The Authoritative Topographic-Cartographic Information System (ATKIS)

Walter Hesse PhD(Melbourne)
Major Projects Group
Melbourne Information Technology Services (MITS)
and
Ian P. Williamson PhD(NSW), LS, MIS(Aust)
Professor of Surveying and Land Information
Department of Surveying and Land Information
The University of Melbourne

Abstract

Recent years have seen an added emphasis in Geographic Information Systems (GIS) on better conceptual data modelling and data transfer standards. A major achievement in this area is the United States Spatial Data Transfer Standard (SDTS). This standard represents one of many worldwide attempts to standardise the way in which geographic information is modelled and transferred. It is currently being reviewed for adoption in Australia. In a previous paper [Hesse and Williamson, 1993], the authors questioned the appropriateness of such an approach and suggested alternative approaches which should be considered to better reflect Australasian needs.

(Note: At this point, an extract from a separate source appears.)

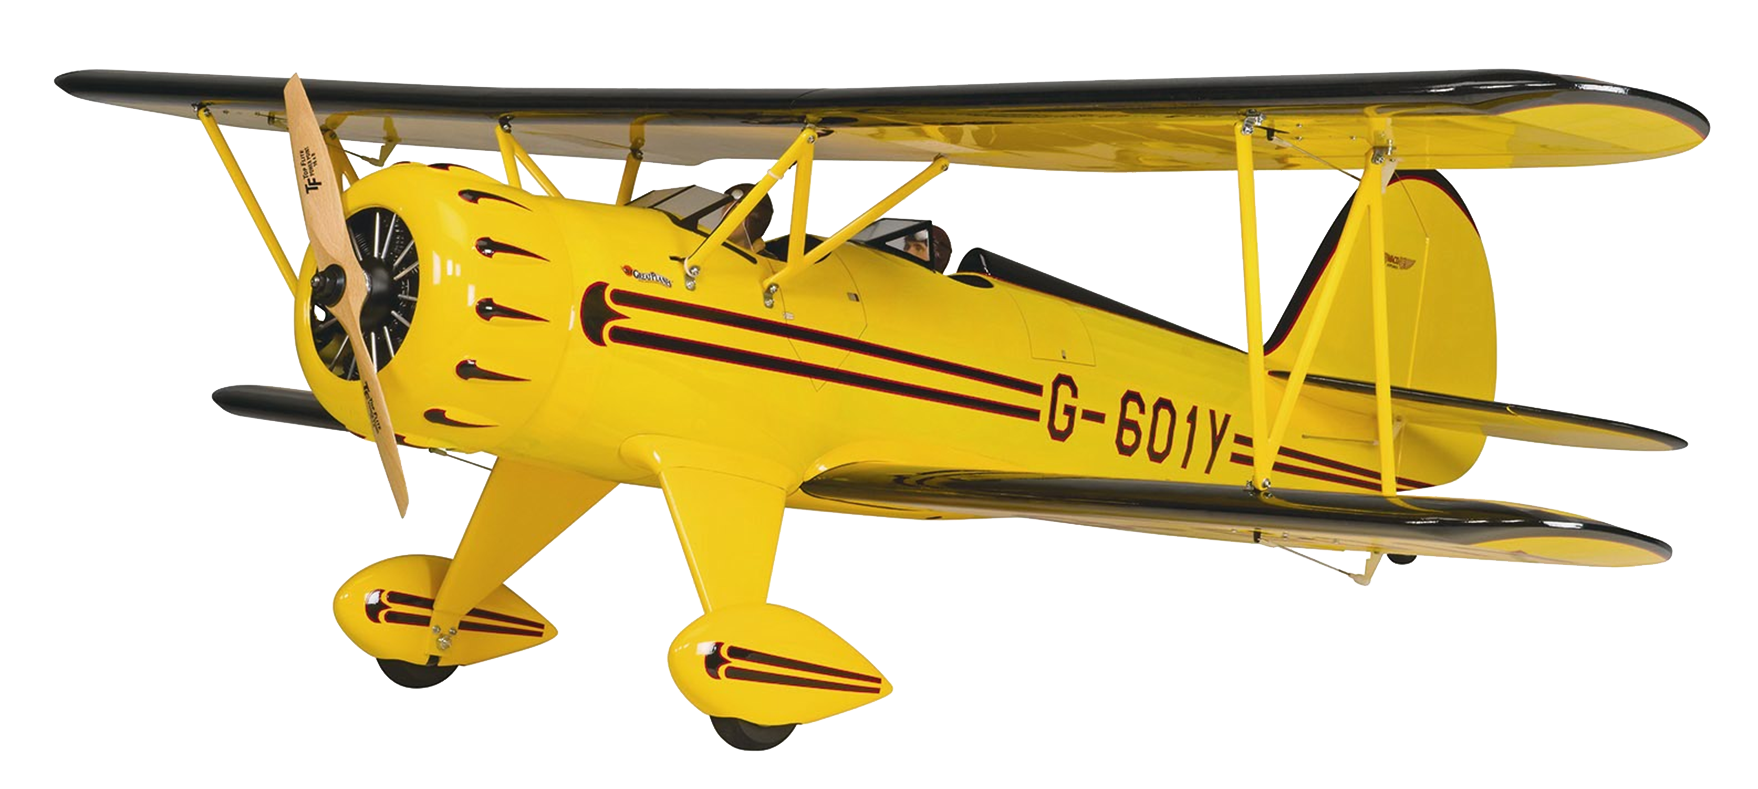 Images of Biplane | 1758x789

This paper describes an interesting and different alternative from Germany, the Authoritative Topographic-Cartographic Information System (ATKIS), together with a working implementation of the model using an object-oriented software system.

Introduction

A recent article by Hesse and Williamson [1993] provides background on the importance and range of applications of data standards. The paper highlighted the difficulties in using current data standards for GIS applications.

The paper suggested that at a more fundamental level, the conceptual data model used for a GIS can become a de-facto standard in laying the foundation for the means of data exchange between data supplier and data user. The data items (features) that form the conceptual data model have to be named and itemised typically with a unique feature identifier. Their valid attributes (if any) and attribute values (valid type or range) can be standardised. The standardisation of attribute values can be done even prior to the existence of any strategy for an overall conceptual data model or transfer mechanism.

In order to understand the systems and processes described in this paper, the data abstraction framework of Guptill [1991] is set out below:

Reality are the total phenomena as they actually exist.

Data reality is an abstraction of reality that includes only those entities thought to be relevant to anticipated needs. It is a definition of the scope of the data.

A data model specifies the sets of components and the relationships among the components pertaining to the specific phenomena defined by the data reality. A data model is independent of specific systems or data structures that organise and manage the data.

A data structure specifies the logical organisation of the components of a data model and the manner in which relationships among components are to be explicitly defined.

A file structure is a set of rules that specify the logical implementation of a data structure within computing system environments

Guptill further points out that

"...an important point to note is that many different data structures may be generated from one model ..."

The definition and standardisation of the conceptual model, its transition into data structures and the means of data exchange are very complicated issues which can take many years for development, publication, testing, revision and final approval; in some cases more than a decade. It has to be noted that many state agencies around the globe are currently considering or implementing their own spatial data model designs, Guptill lists the U.S. Bureau of Census, the U.S. Defence Mapping Agency, the Institut Géographique National in France, the Landesvermessungsamt in Germany and the United Kingdom Ordnance Survey.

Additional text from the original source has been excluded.